Muckle-Wells Syndrome (MWS) is a rare genetic connective tissue disorder that affects the skin, joints, and kidneys. It is characterized by recurrent episodes of hives, fever, chills, and joint pain. It is caused by a mutation in the NLRP3 gene, which affects the body's immune system and affects other organs and tissues. The disease is more common in people of European descent.
Symptoms of Muckle-Wells Syndrome
The main symptoms of Muckle-Wells Syndrome include:
- Frequent episodes of hives (urticaria)
- Fever, with temperatures reaching up to 104°F
- Chills
- Joint pain and swelling
- Fatigue
- Muscle weakness and/or pain
- Headache
- Mouth sores
- Red eyes
- Breathing difficulties
- Kidney problems (nephropathy)
Diagnosis and Treatment of Muckle-Wells Syndrome
The diagnosis of Muckle-Wells Syndrome is based on family history, physical examination, blood tests, and skin biopsy. Molecular testing may also be used to diagnose the disorder.
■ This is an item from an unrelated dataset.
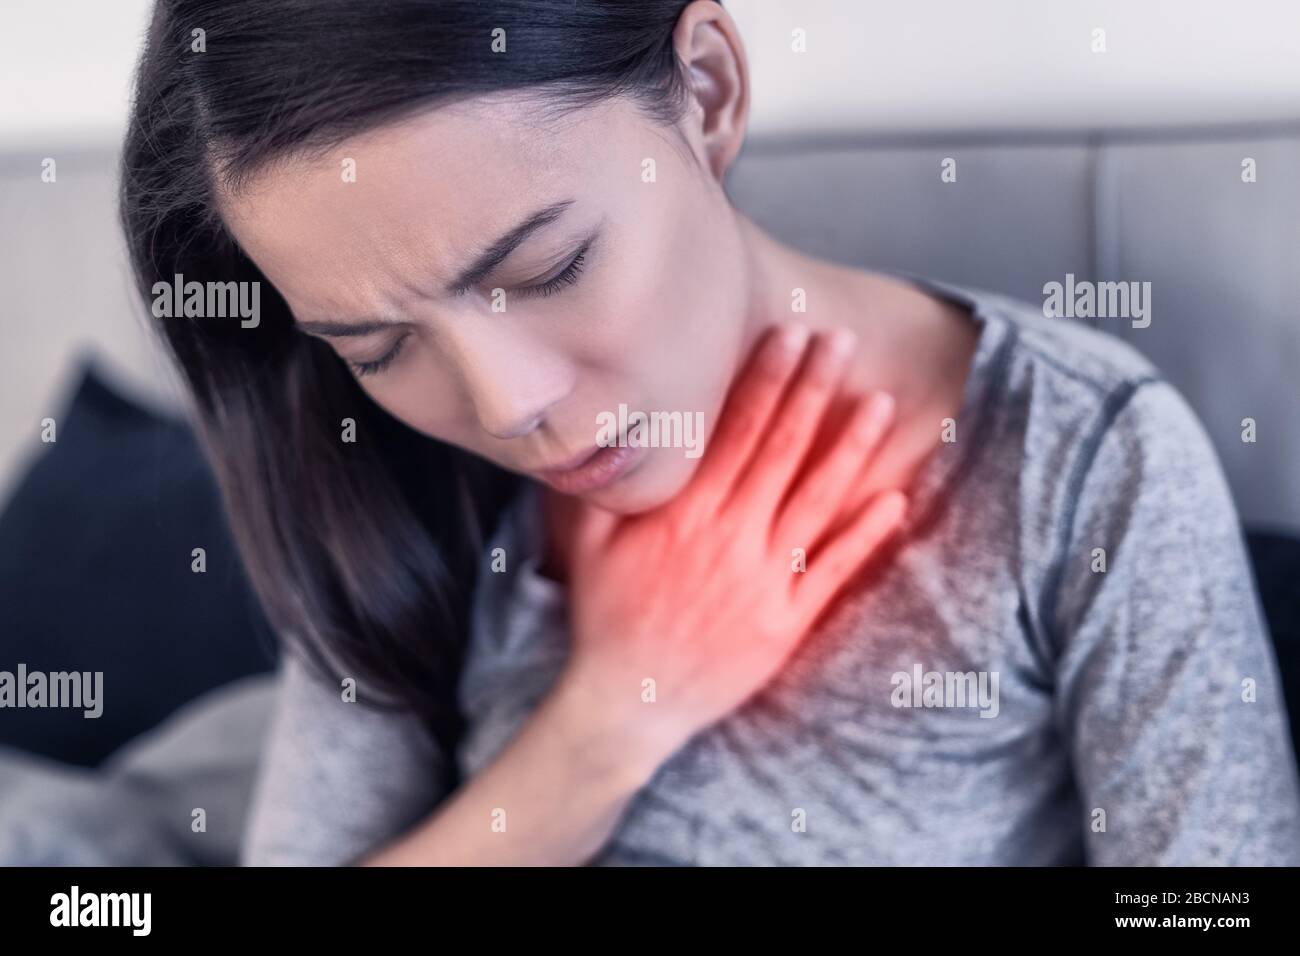 COVID-19 Corona virus symptoms are pneumonia, shortness of breath, fever, body aches or breathing difficulties. Asian woman sick of Coronavirus with red area showing pain. Stock Photo

Treatment of Muckle-Wells Syndrome is focused on controlling the symptoms, such as reducing the fever, managing the hives, and relieving the joint pain. Patients may also be prescribed medication to reduce inflammation and prevent kidney problems. In some cases, additional treatments such as physical therapy and topical antihistamines may be used.